■ **Task details**
Each line in the material below, starting at the one that contains "Scuderia Ferrari SF70H" and ending at the one that contains "Beautiful handmade ceramic", should be repeated exactly; the pictures should not.

■ **Data shown**
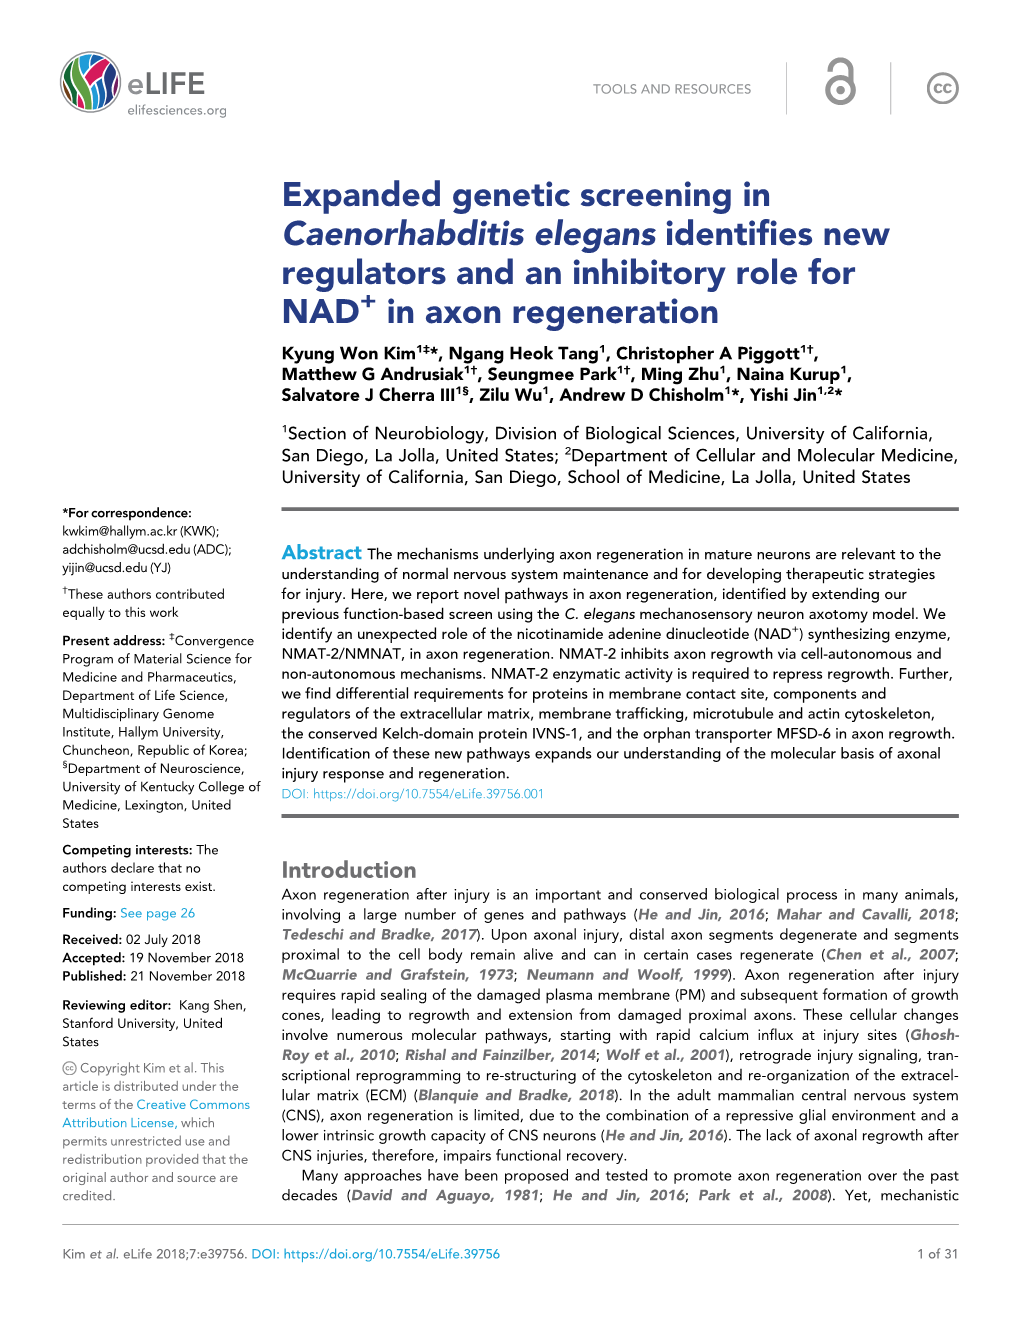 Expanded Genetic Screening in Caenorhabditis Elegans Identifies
--
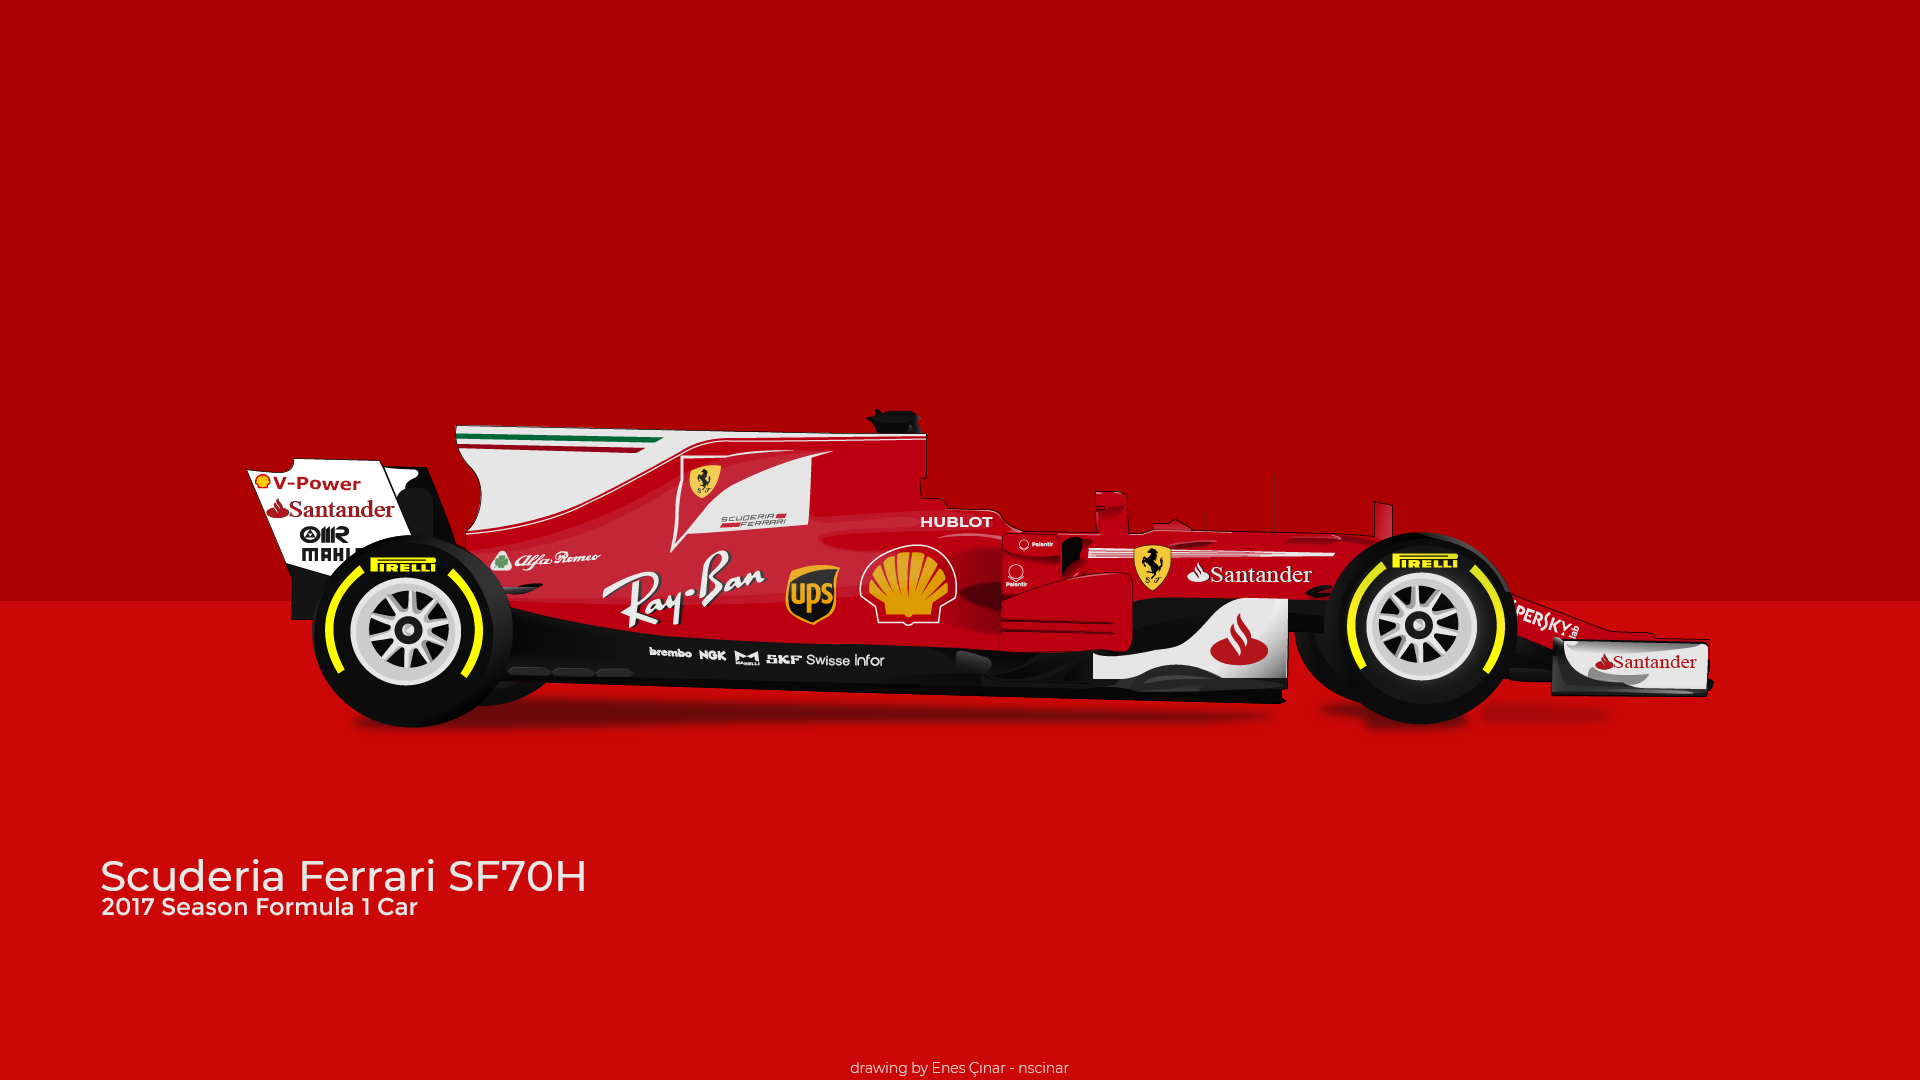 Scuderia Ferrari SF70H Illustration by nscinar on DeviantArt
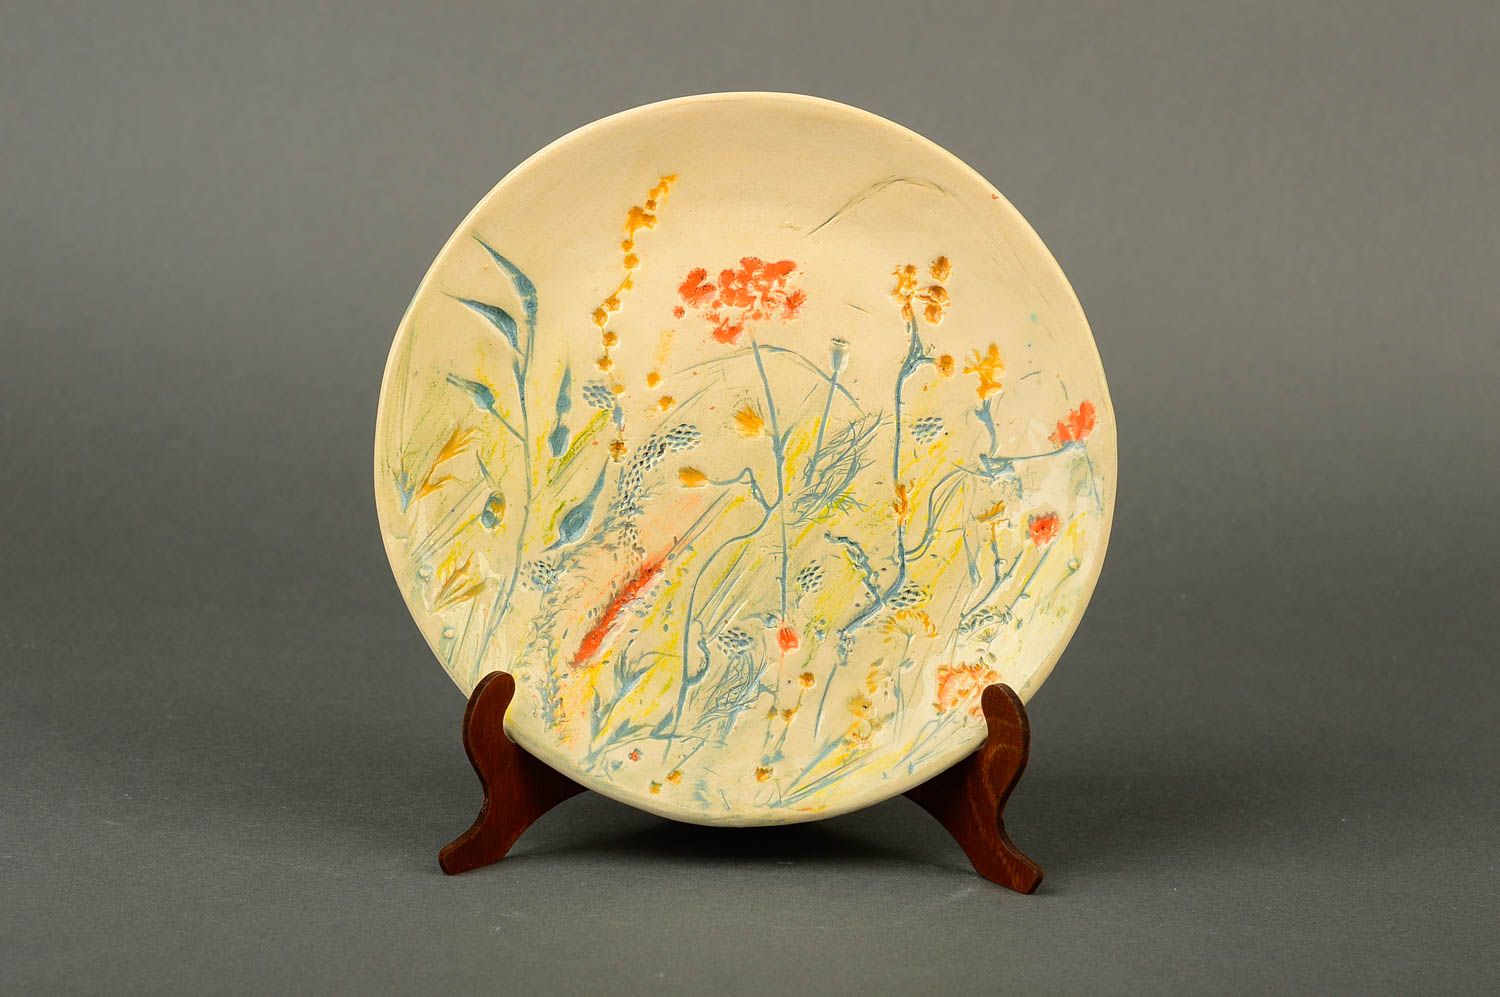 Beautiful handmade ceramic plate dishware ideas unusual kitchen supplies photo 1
---
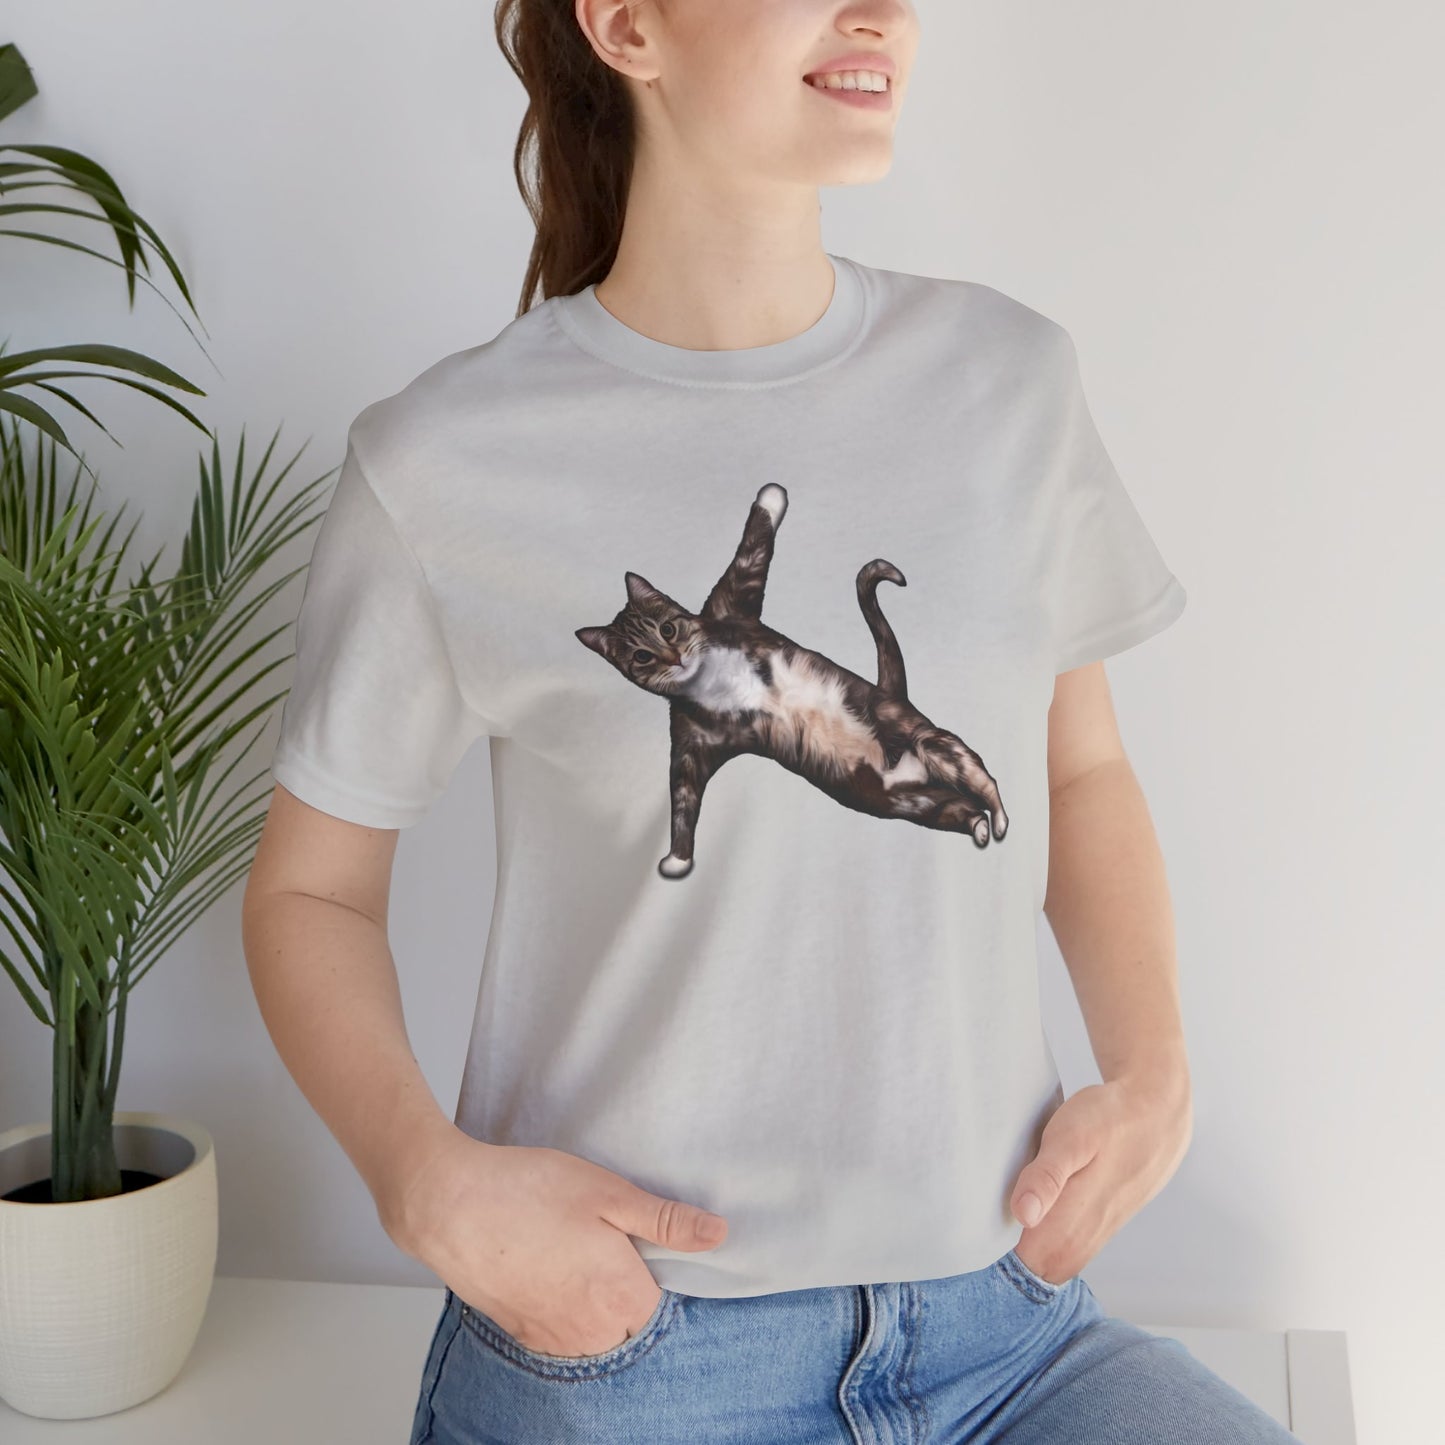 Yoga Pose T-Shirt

■ **Response to the exercise**
 Scuderia Ferrari SF70H Illustration by nscinar on DeviantArt
 Beautiful handmade ceramic plate dishware ideas unusual kitchen supplies photo 1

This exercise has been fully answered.